SURABAYAPAGI.com - Korea Utara tampaknya sedang mengembangkan rudal balistik baru, walau negara itu dilaporkan tengah menjalin hubungan yang baik dengan pemerintahan Presiden AS Donald Trump.

Laporan terkini mengenai aktivitas Korut didapat selagi sejumlah satelit mata-mata memantau fasilitas Sanumdong dekat Pyongyang. Menurut beberapa pejabat AS kepada harian Washington Post, satu atau dua rudal balistik terlihat sedang dibuat di lokasi itu.

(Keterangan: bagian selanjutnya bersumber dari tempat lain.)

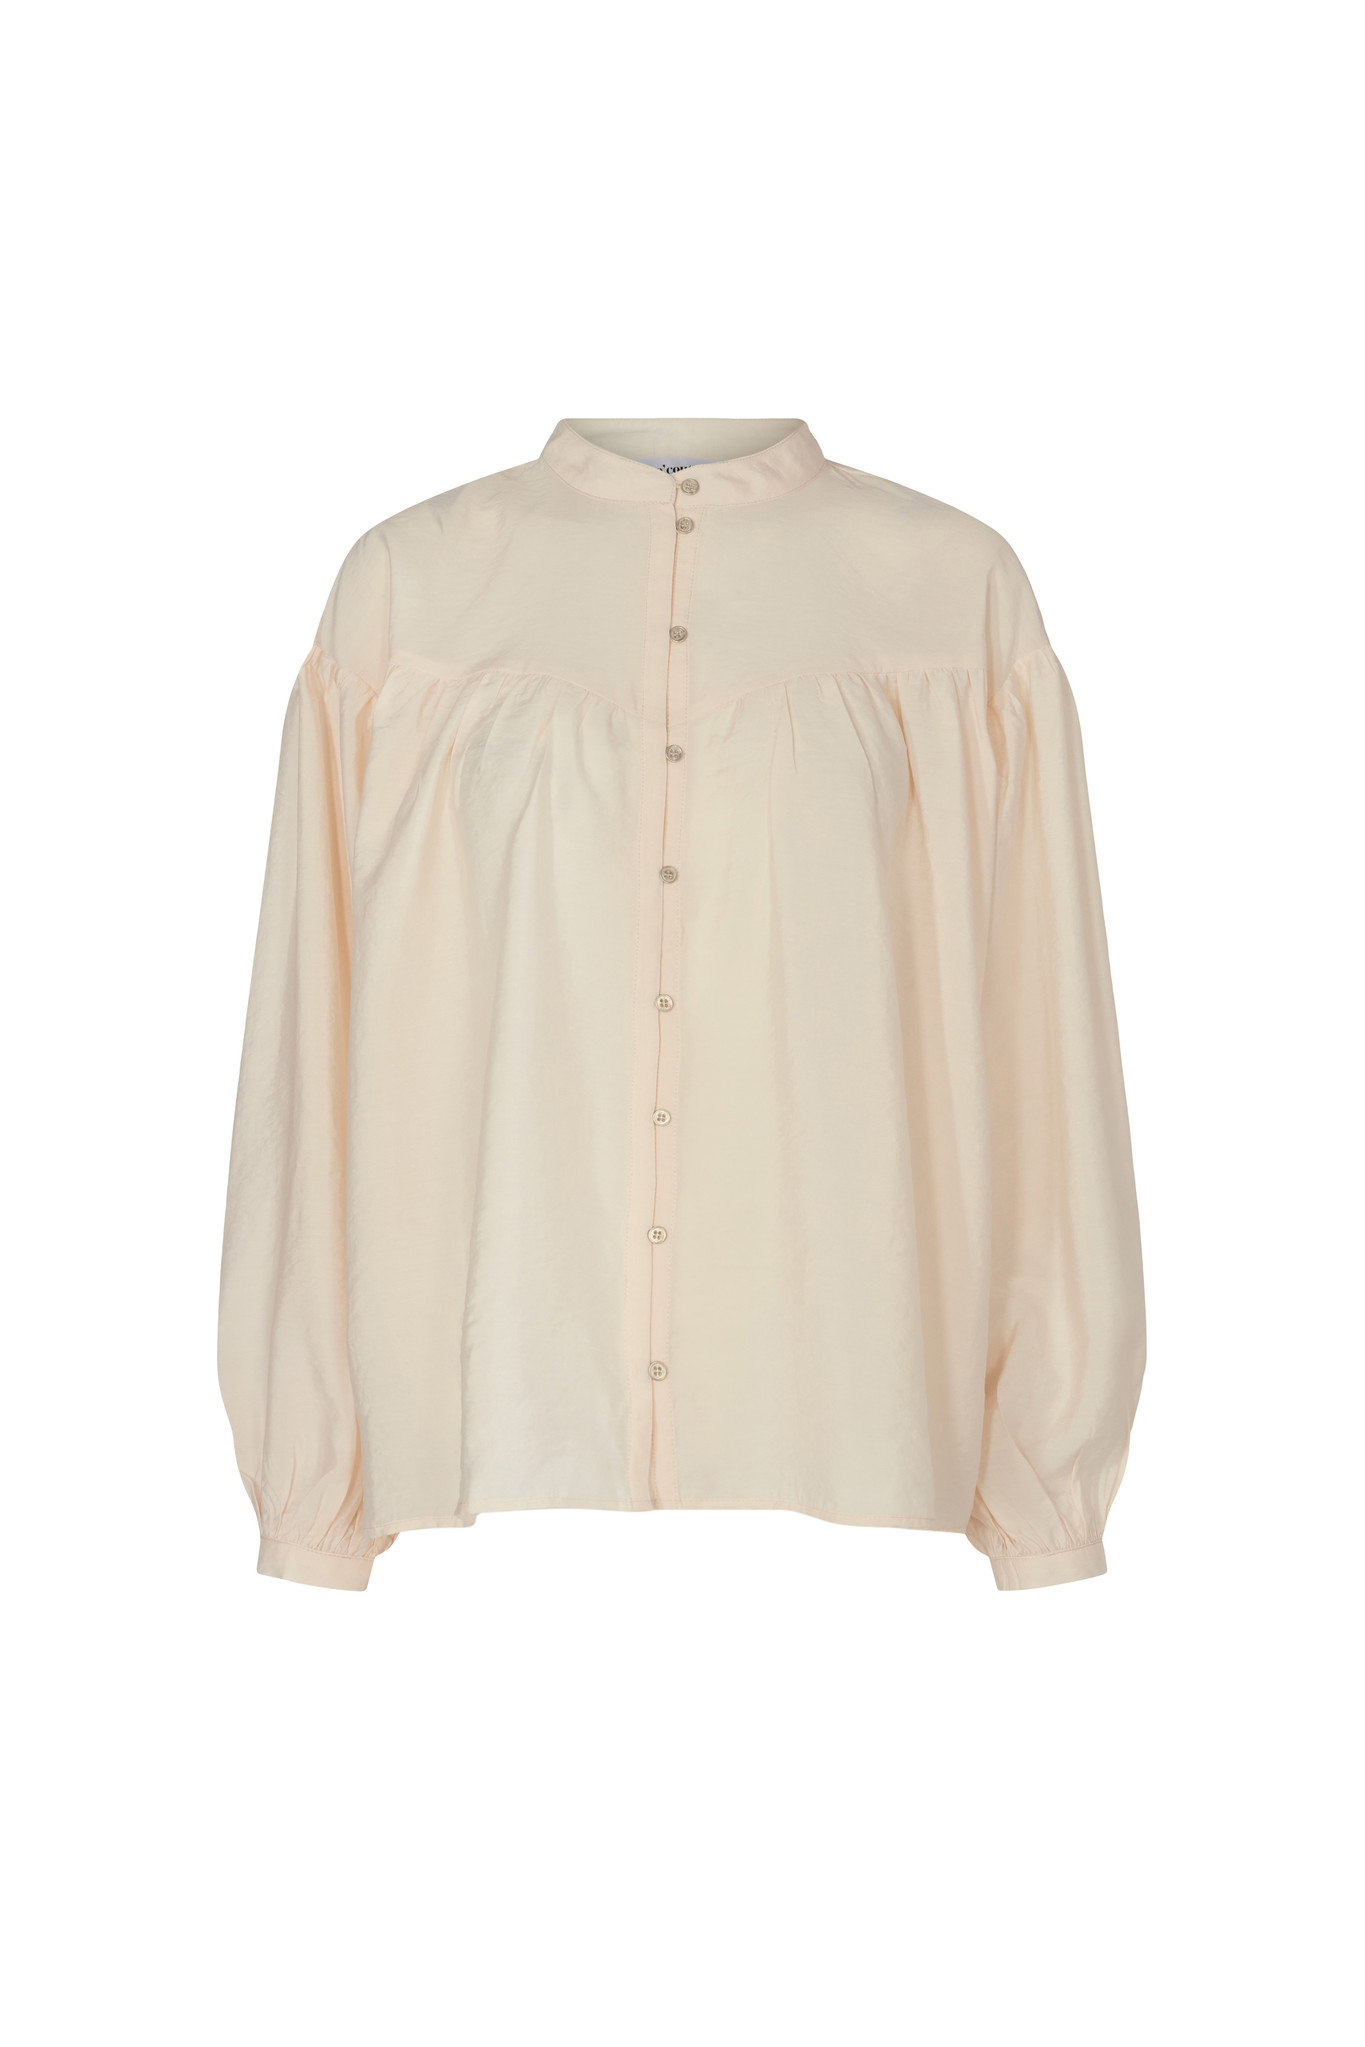 Callum Shirt - Powder-1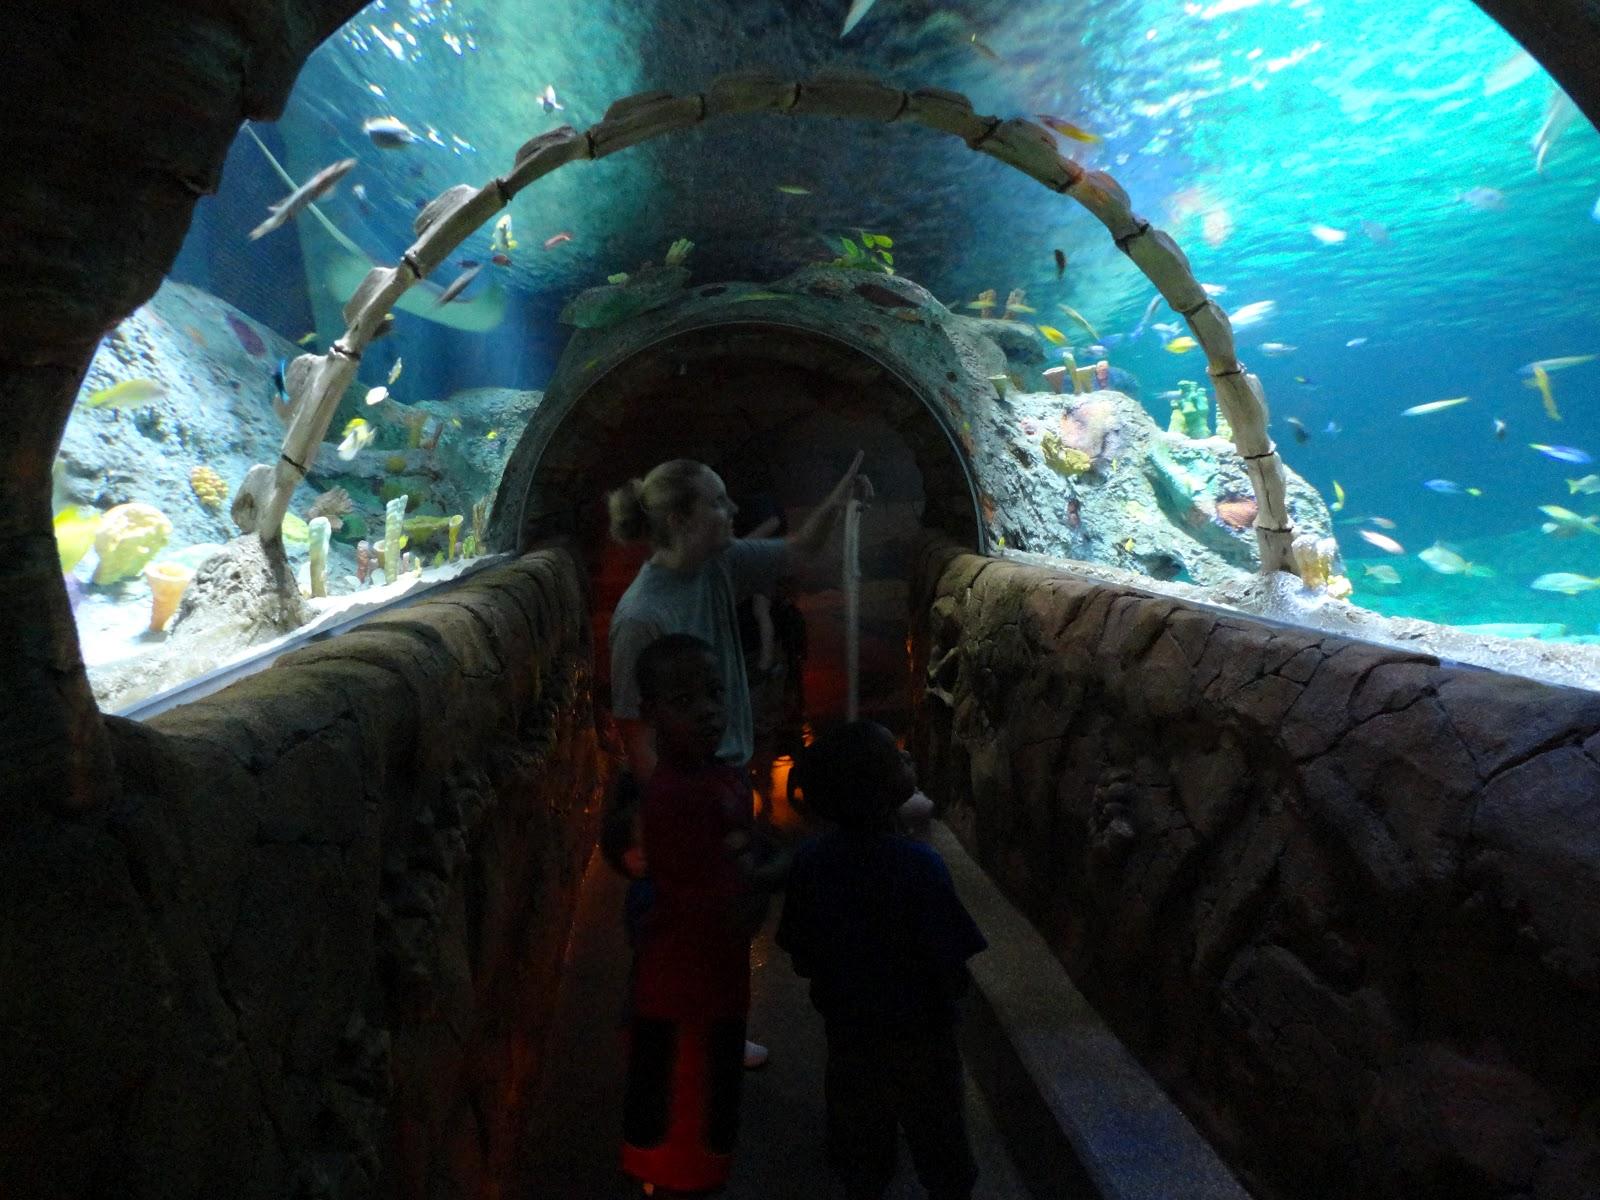 The Famn Damily Kansas City Aquarium

Fasilitas Sanumdong dikenal sebagai lokasi yang telah memproduksi gelombang pertama rudal-rudal balistik Korut yang mampu menjangkau AS. Seorang pejabat yang diwawancarai kantor berita Reuters mengatakan belum jelas seberapa jauh perkembangan proyek tersebut.

Bagaimanapun, menurut Reuters, citra satelit memperlihatkan sejumlah kendaraan hilir-mudik di tempat itu. Laporan bahwa Korut amat mungkin melanjutkan program senjata nuklirnya bukan yang pertama mengemuka setelah pertemuan antara Trump dan Pemimpin Korut, Kim Jong-un, di Singapura, Juni lalu.

Pada akhir Juni, media AS merilis laporan berdasarkan bocoran intelijen berisi indikasi bahwa Korut masih menggencarkan proyek di lokasi pengayaan nuklir.

Kemudian, pekan lalu, Menteri Luar Negeri AS, Mike Pompeo, mengungkapkan kepada para senator bahwa pabrik-pabrik Korut "masih memproduksi material fisil" yang digunakan untuk membuat senjata nuklir.

Padahal, pada pertemuan di Singapura, Trump dan Kim menyatakan bertekad bekerja menuju denuklirisasi. Bahkan, Trump menegaskan Korut "tak lagi menjadi ancaman nuklir".